There is another steep climb to the sheer cliff face of Pigeon Ogo, where fulmar and kittiwake nest; then you continue to stride past the jagged rock fangs of the Horse to the Rill, from where the Spanish Armada was reputedly first sighted. You then go east for a short way before descending steeply to the most famous of Cornish Coves,
Kynance.
KYNANCE COVE
Kynance Cove is best explored around low tide. Its name is derived from the Cornish ‘Kénans’, meaning an enclosed valley. The rocks are composed of both red and green mottled serpentine with intrusions of pink-coloured readily weathered granite gneiss. The beach pebbles, when wet, show up beautiful different colours. Asparagus Island, where wild asparagus still grows, has two blow holes, one of which called the Post Office, will post free your letter to King Neptune!
If the state of the tide permits, cross the back of the beach to climb the steps towards Kynance car park. About half way up, the Coast Path is signed to the right and a partly stepped track takes you up to the last viewing point of Kynance Cove. Continue on a grit track and take the seaward path just before the final sweep left to the car park. Alternatively, if the beach is covered, take the rough track up the
Valley which leads to the car park, leaving it to the right of the toilets via a gap in the wall. Walk diagonally left to the corner of this small field to rejoin the coast path.
Pentreath Beach soon appears, to which there is a steep, partly stepped, descent from the southern end, but no lifeguard patrol.
After negotiating two unbridged but narrow streams at Caerthillian Cove, you pass Crane Ledges and an area of delight for the botanist, particularly in late spring.
After rounding Holseer Cove continue south to Lizard Point, three
adjacent bluffs and the start of the headland rock outcrop, where sea birds can be seen nesting. Turning east you descend to Pistil Meadow, which is an attractive area.
PISTIL MEADOW
Pistil (from the Cornish ‘pystyll’) means waterfall, which here cascades over the cliff edge below the meadow. A more dramatic interpretation of Pistil
refers to the firearms, which included pistols, washed ashore from a shipwreck along with almost the entire crew, who were buried here in a mass grave. The meadow was then covered in tamarisk, some of which still grows by the bridge over the stream.
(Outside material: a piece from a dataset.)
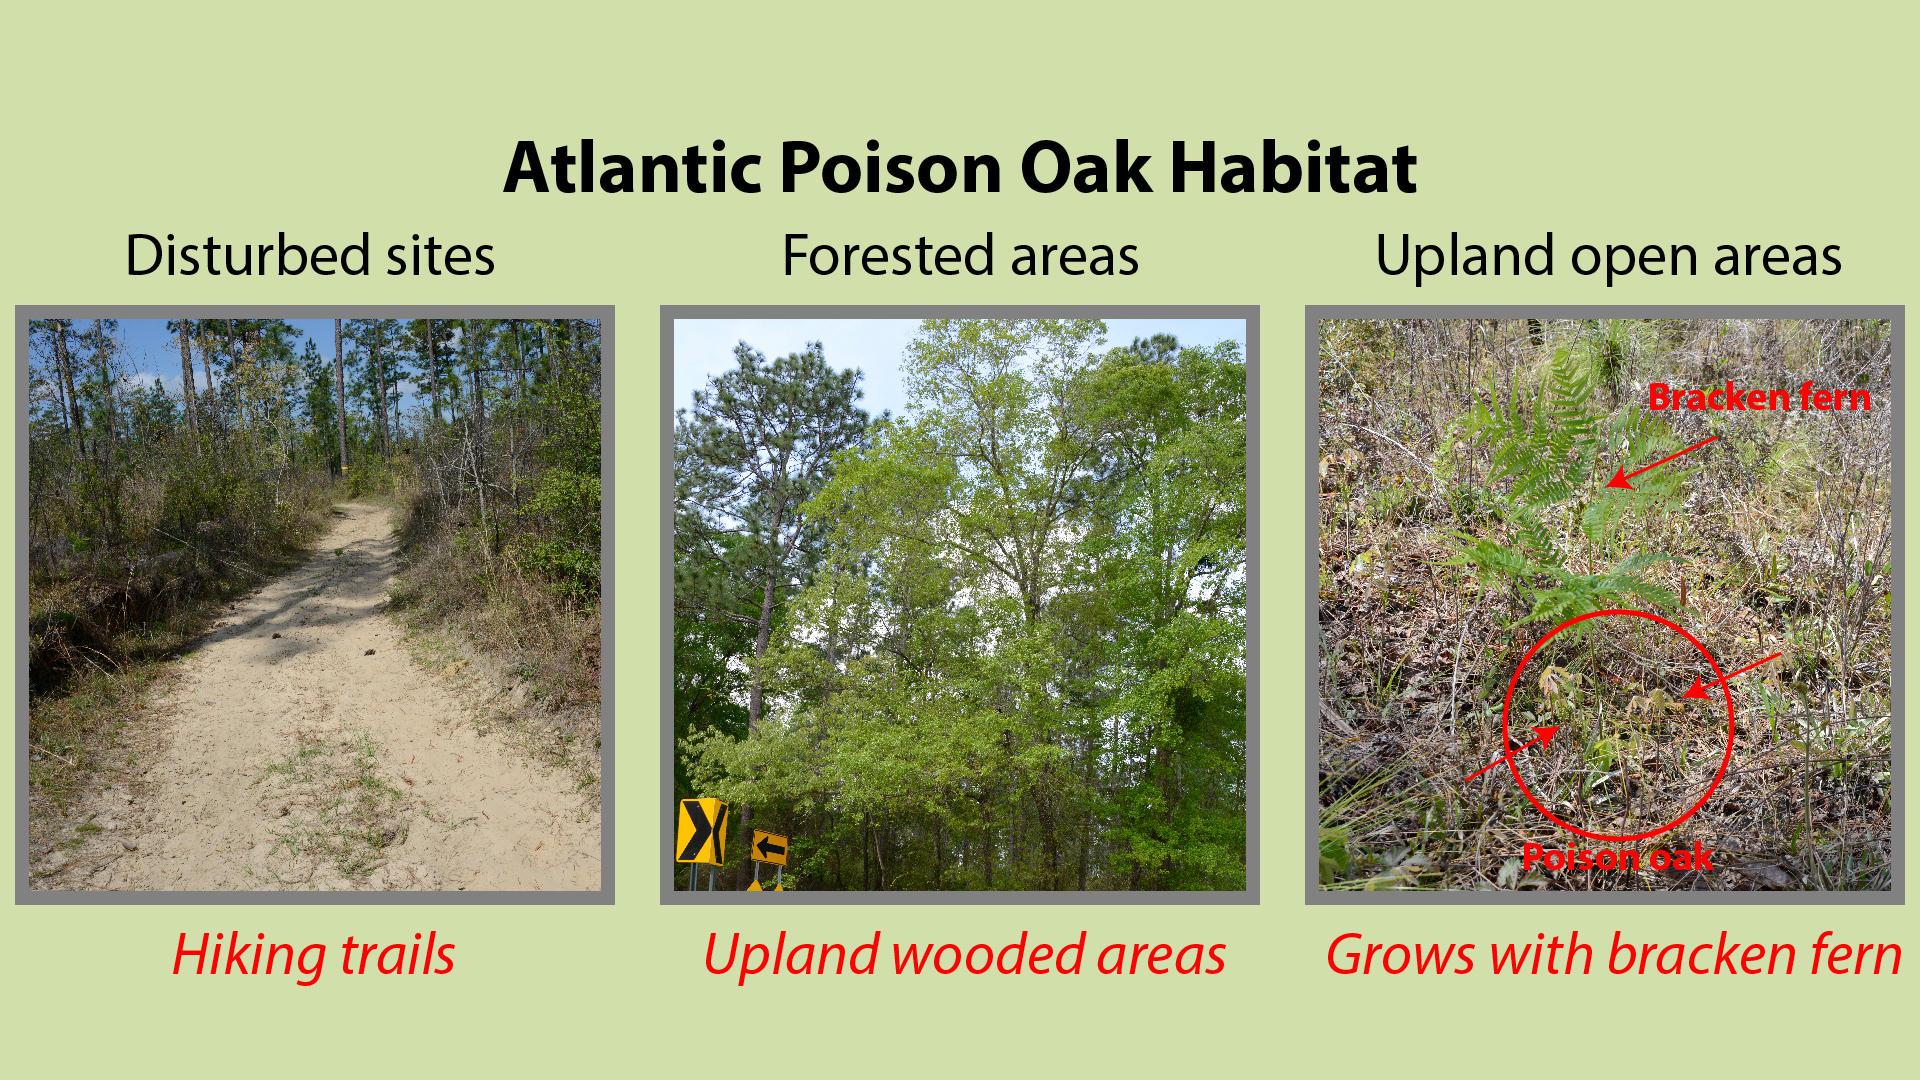 Atlantic Poison Oak Habitat

From here you make the final ascent towards the most southerly point of the English mainland, where, as you relax and refresh yourself, you might like to reflect that, since leaving Predannack, you have started to walk onto the only part of England South of the 50th parallel.
LIZARD TOWN
Known variously as Lizard Town, Lizard Village, The Lizard, and most
recently, Lizard, the residents here prefer you to call their settlement Lizard Town. It has little architectural charm, but it does have a cottage industry converting locally quarried serpentine stone into attractive ornaments. With its shops and pub it offers an excellent centre for walking the Lizard
Peninsula. Within easy walking distance from the village green are Landewednack Church, the Lifeboat Station, the Lion’s Den (a collapsed cave), the restored Marconi Workshop and Lizard Lighthouse.
Also of interest to the visitor may be The Lizard Pasty shop. In early 2000, an American food critic made some disparaging remarks about the Cornish Pasty. Ann Muller, who is the owner of the Pasty Shop and born and bred on the Lizard, started a campaign to show that nothing beats a proper Cornish Pasty! She has recently been invited to the United States to prove her point, so perhaps you might like to pay her a visit to taste her world-famous pasties!
From the National Trust sales office at England’s most southerly point you walk across the small free public car park to pick up the coast path behind Polbream Cove. Round the first corner you reach the Lizard Lighthouse which, with a beam range of 29 miles (47 km), helps to guide mariners through one of the world’s busiest shipping lanes.